▶ [What to work on]
Using the data that follows, output only the lines from the line with "Finger splint value" up to and including the line with "Vintage Gucci Suede", exactly, leaving pictures aside.

▶ [Input data]
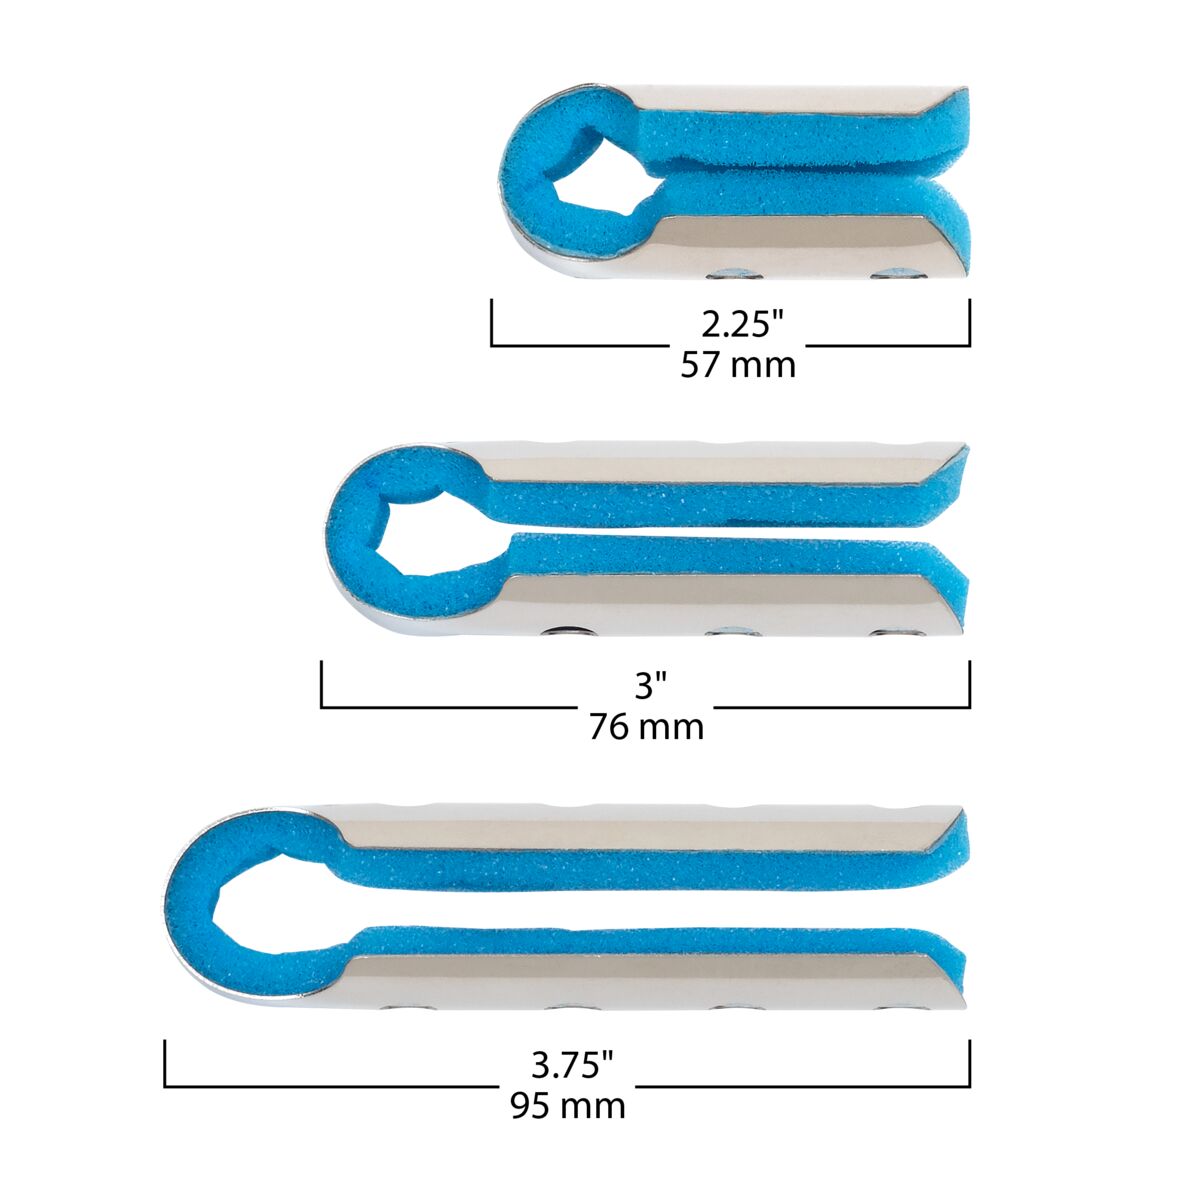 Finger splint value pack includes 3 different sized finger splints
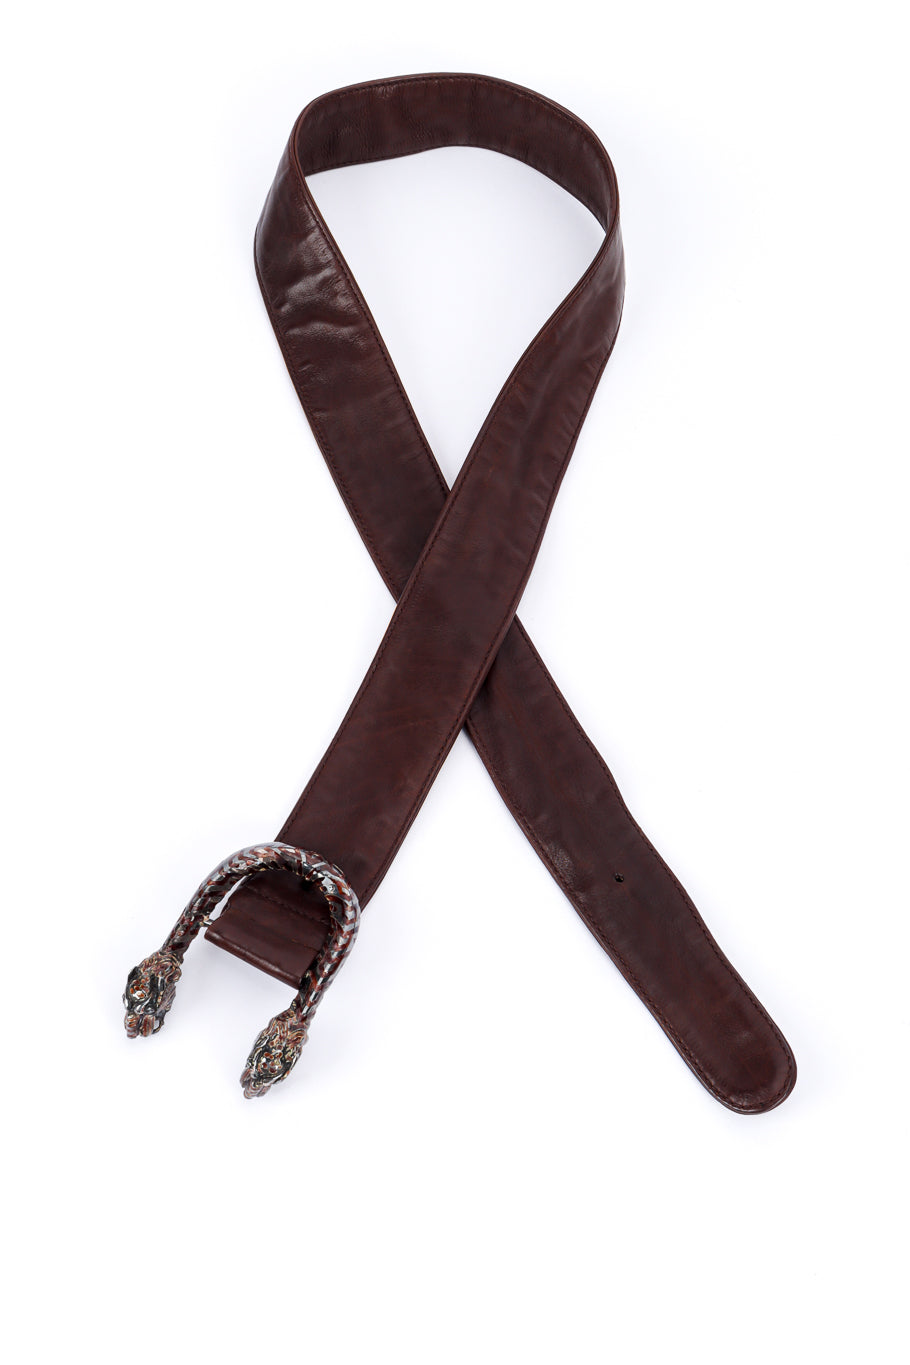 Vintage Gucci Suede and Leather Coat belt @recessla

--

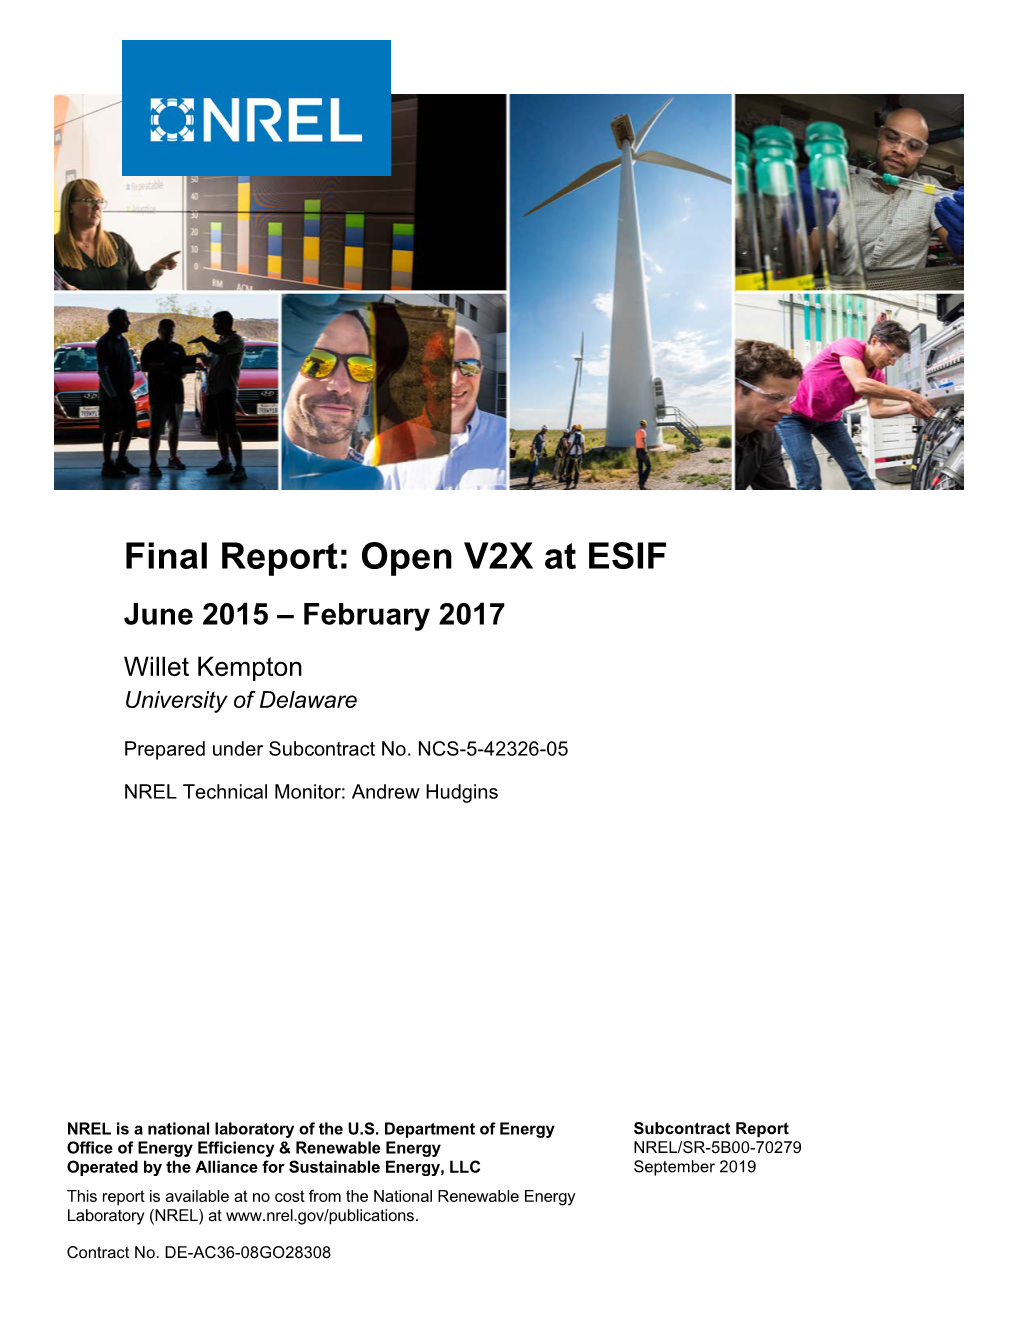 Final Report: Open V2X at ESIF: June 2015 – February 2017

▶ [Exercise output]
 Finger splint value pack includes 3 different sized finger splints
 Vintage Gucci Suede and Leather Coat belt @recessla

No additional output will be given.